Pour M. Scheer, il devient de plus en plus évident que l'épisode entourant le départ de Maxime Bernier ne sera qu'un « petit dos d'âne » sur la route de la victoire en 2019. « Absolument, c'est comme cela que je vois cela. Mais je dirais même que ce sera une note de bas de page du chapitre que nous sommes en train d'écrire ensemble. Je crois sincèrement qu'il a pris sa décision il y a longtemps. En rétrospective, je me rappelle quelques épisodes qui démontrent qu'il n'a jamais eu l'intention de travailler en équipe. Nous avons tous essayé de travailler avec lui. Nous l'avons invité à soumettre ses idées, à proposer quelque chose de bien étoffé, et pas seulement un tweet de 280 caractères ou une page tirée de votre site web. [...] Mais il ne l'a jamais fait. »

RETOUR CONSERVATEUR

En entrevue, M. Scheer a soutenu sans ambages qu'un retour du Parti conservateur au pouvoir passait par des gains importants au Québec. Cela explique pourquoi il a prononcé près de 40 % de son discours en français à Halifax devant ses militants, dont environ 200 délégués sont venus du Québec.

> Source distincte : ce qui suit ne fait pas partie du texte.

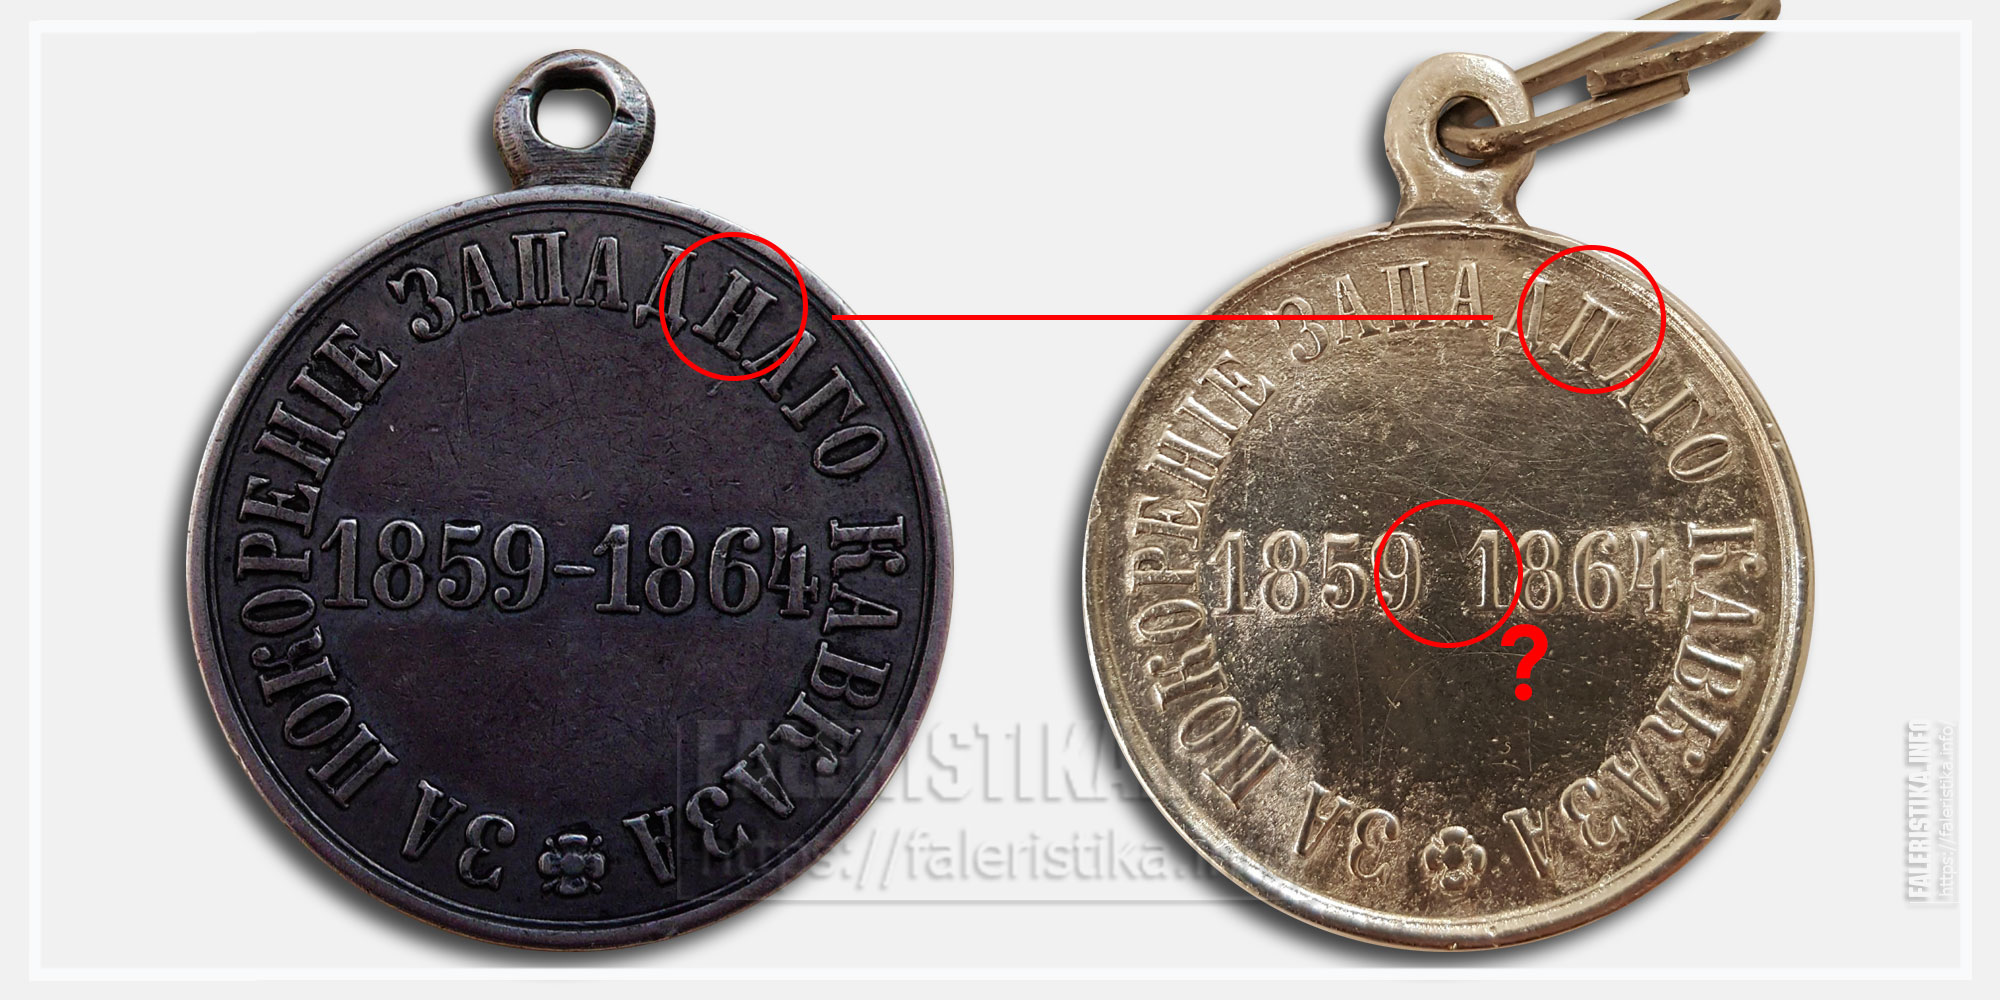 Медаль "За покорение Западного Кавказа 1859-1864" Характерные собенности: "ЗАПАДПАГО" и отсутствие тире

« Mes ambitions au Québec aux prochaines élections sont simples : je veux gagner beaucoup de sièges ! Mais je veux aussi rassembler sous le drapeau conservateur tous les gens qui voient le bilan de Justin Trudeau comme un échec et qui se rendent compte que ces échecs vont nuire à leur qualité de vie. »

- Andrew Scheer, chef du Parti conservateur du Canada

« Selon moi, les gens ont deux choix au Québec et c'est clair. Il y a deux partis qui peuvent gagner des sièges et former le prochain gouvernement, ce sont les libéraux et les conservateurs », a dit M. Scheer.

« Je veux m'assurer que lorsqu'on aura un gouvernement conservateur, les Québécois auront une voix importante à la table. Mon ouverture envers le Québec est sincère. Ce n'est pas une question de cocher une case et dire que je prononce quelques mots français. J'espère que les Québécois réalisent que c'est authentique », a-t-il ajouté, soulignant le travail de son lieutenant politique au Québec Alain Rayes.

En après-midi, samedi, les militants conservateurs ont rejeté par une mince majorité (53 % contre, 47 % pour) une résolution qui aurait eu pour effet de relancer le débat sur l'avortement. Mais avant même la tenue de ce vote, M. Scheer avait été catégorique en affirmant que jamais un gouvernement conservateur ne rouvrirait ce dossier ou tout autre enjeu social qui divise les Canadiens.

« J'ai dit clairement depuis le jour où j'ai commencé ma campagne pour la direction du Parti conservateur que je n'allais jamais ouvrir les débats sur des enjeux sociaux comme celui-là. Ça va rester ma position. C'est clair que sous mon leadership, notre parti ne va jamais relancer un débat sur cette question. Simplement parce que c'est un débat qui va diviser notre propre caucus et la population. [...] C'est clair pour moi. C'est simple pour moi. On va continuer sur la même route qu'on a commencée il y a 15 mois. Je veux me concentrer sur les enjeux qui unissent notre caucus, notre parti et la population. »

Parmi les autres résolutions qui ont été adoptées, celle visant à permettre aux contribuables québécois de remplir une déclaration de revenus unique a été entérinée par une écrasante majorité, tout comme la résolution pour la construction de l'oléoduc Énergie Est, abandonnée par TransCanada l'an dernier en raison de la vive opposition de plusieurs municipalités au Québec. Les militants ont aussi appuyé l'idée de déménager l'ambassade du Canada en Israël de Tel-Aviv à Jérusalem, comme l'ont fait les États-Unis.